Через единение со всей природой как частью мирового целого воспринимает свои помыслы и Андрей Болконский. В хрестоматийном эпизоде его встречи с вековым дубом — на пути в имение Ростовых и обратно — его первоначальное пессимистическое мироощущение сменяется проблесками новых надежд и верой в жизнь:

На краю дороги стоял дуб. Вероятно, в десять раз старше берез, составлявших лес, он был в десять раз толще и в два раза выше каждой березы. Это был огромный, в два обхвата дуб, с обломанными, давно видно, суками и с обломанной корой, заросшей старыми болячками. С огромными своими неуклюже, несимметрично-растопыренными корявыми руками и пальцами, он старым, сердитым и презрительным уродом стоял между улыбающимися березами. Только он один не хотел подчиняться обаянию весны и не хотел видеть ни весны, ни солнца.

«Весна, и любовь, и счастие! — как будто говорил этот дуб. — И как не надоест вам все один и тот же глупый, бессмысленный обман. Все одно и то же, и все обман! Нет ни весны, ни солнца, ни счастья. Вон смотрите, сидят задавленные мертвые ели, всегда одинокие, и вон и я растопырил свои обломанные, ободранные пальцы, где ни выросли они — из спины, из боков. Как выросли — так и стою, и не верю вашим надеждам и обманам».

Князь Андрей несколько раз оглянулся на этот дуб, проезжая по лесу, как будто он чего-то ждал от него. Цветы и трава были и под дубом, но он все так же, хмурясь, неподвижно, уродливо и упорно, стоял посреди них. «Да, он прав, тысячу раз прав этот дуб, — думал князь Андрей, — пускай другие, молодые, вновь поддаются на этот обман, а мы знаем жизнь, — наша жизнь кончена!» Целый новый ряд мыслей безнадежных, но грустно-приятных в связи с этим дубом возник в душе князя Андрея.

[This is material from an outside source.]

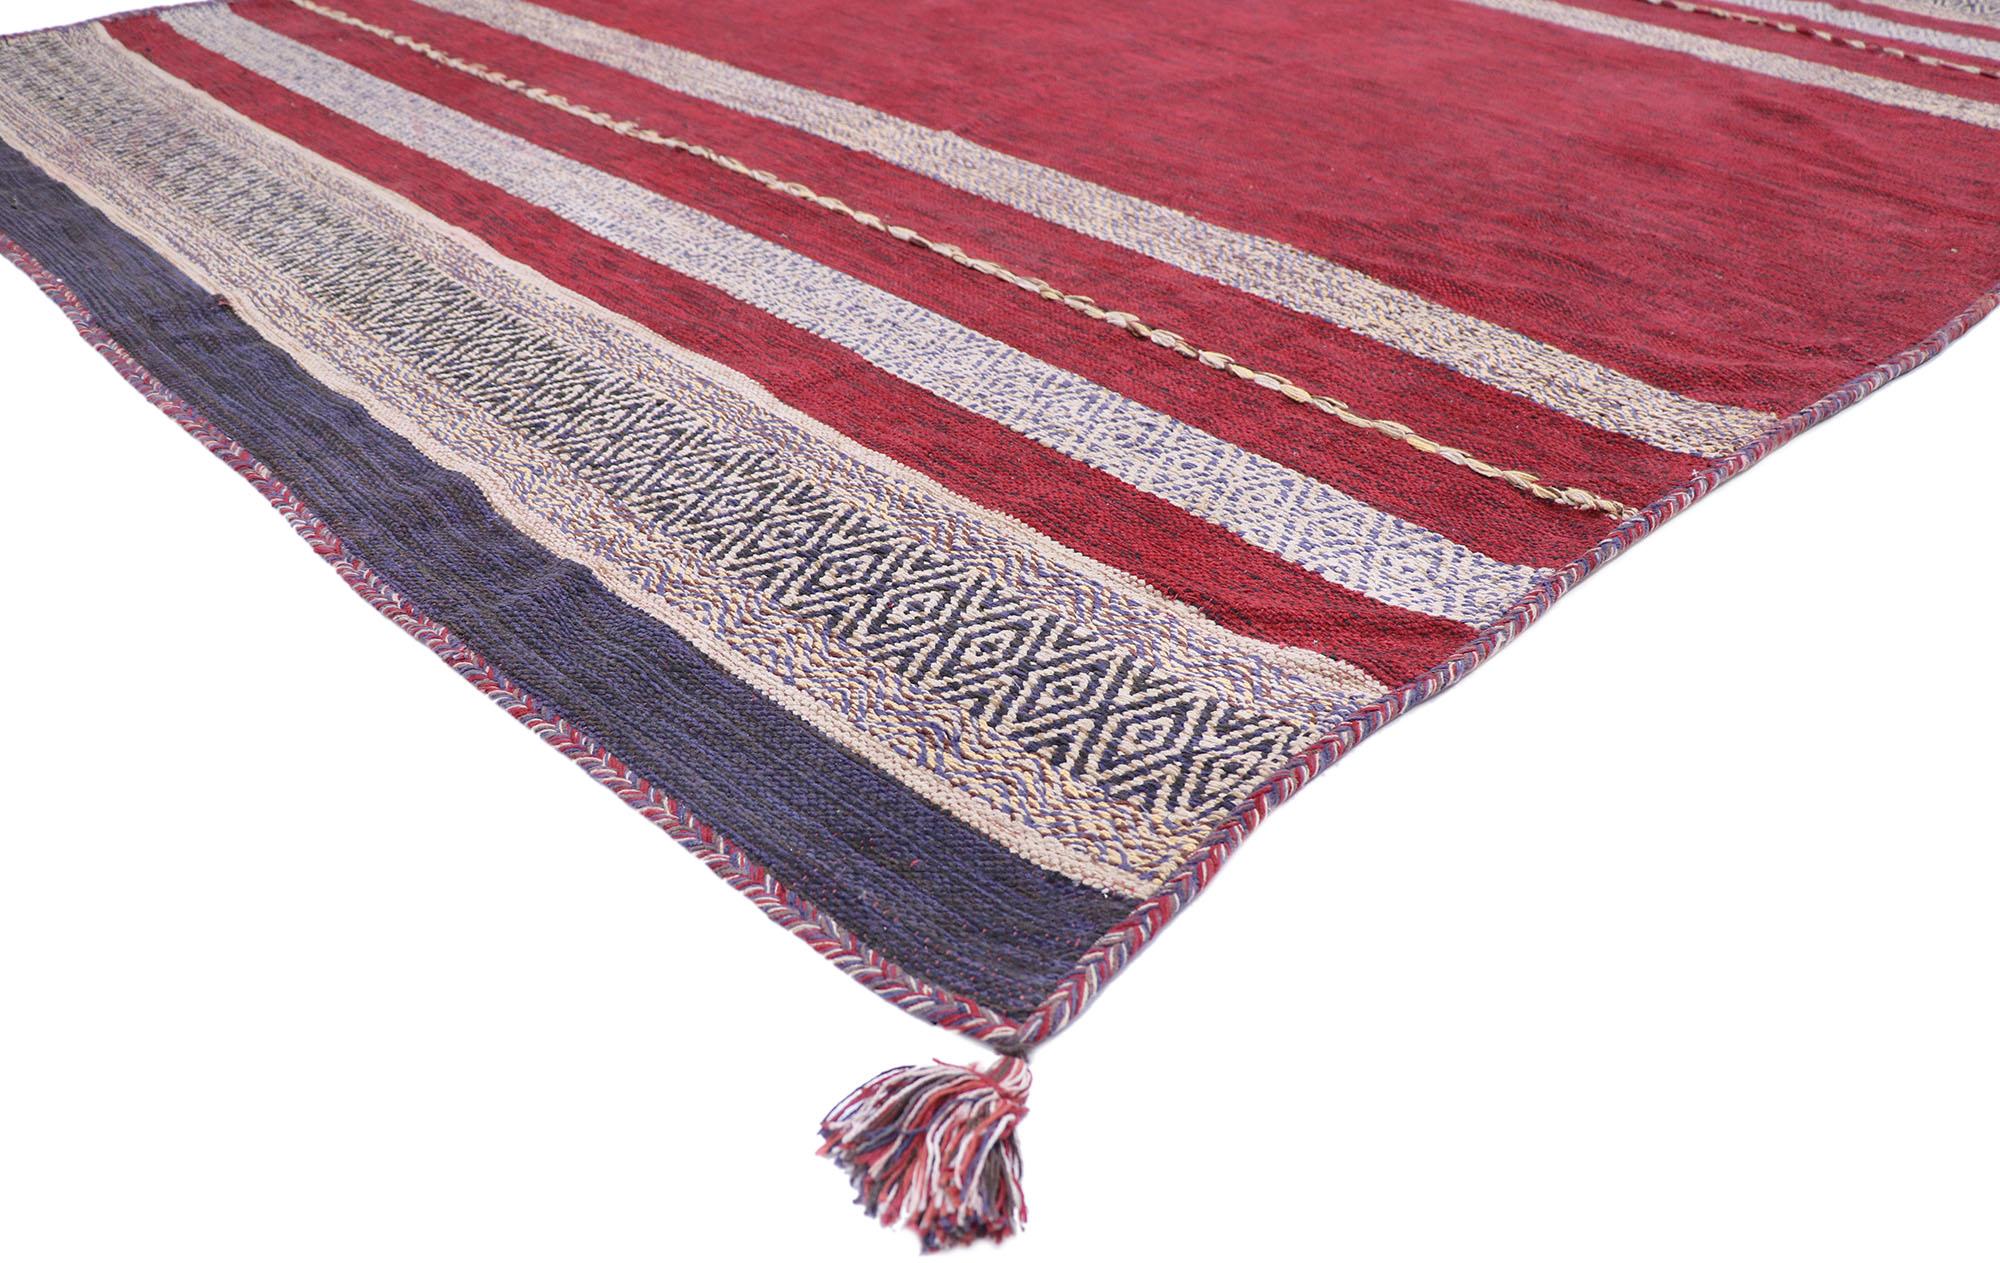 77786 Vintage Berber Moroccan Kilim Rug with Nautical Style 07'05 x 09'05. With its bold expressive design, incredible detail and texture, this hand-woven wool vintage Berber Moroccan Kilim rug is a captivating vision of woven beauty highlighting a

И вот дорога назад — после случайной встречи с Наташей, посеявшей в его сердце пока еще не давшей всходов любовь:

Старый дуб, весь преображенный, раскинувшись шатром сочной, темной зелени, млел, чуть колыхаясь в лучах вечернего солнца. Ни корявых пальцев, ни болячек, ни старого горя и недоверия — ничего не было видно. Сквозь столетнюю жесткую кору пробились без сучков сочные, молодые листья, так что верить нельзя было, что этот старик произвел их. «Да это тот самый дуб», — подумал князь Андрей, и на него вдруг нашло беспричинное весеннее чувство радости и обновления. Все лучшие минуты его жизни вдруг в одно и то же время вспомнились ему. И Аустерлиц с высоким небом, и мертвое укоризненное лицо жены, и Пьер на пароме, и девочка, взволнованная красотою ночи, и эта ночь, и луна — и все это вдруг вспомнилось ему.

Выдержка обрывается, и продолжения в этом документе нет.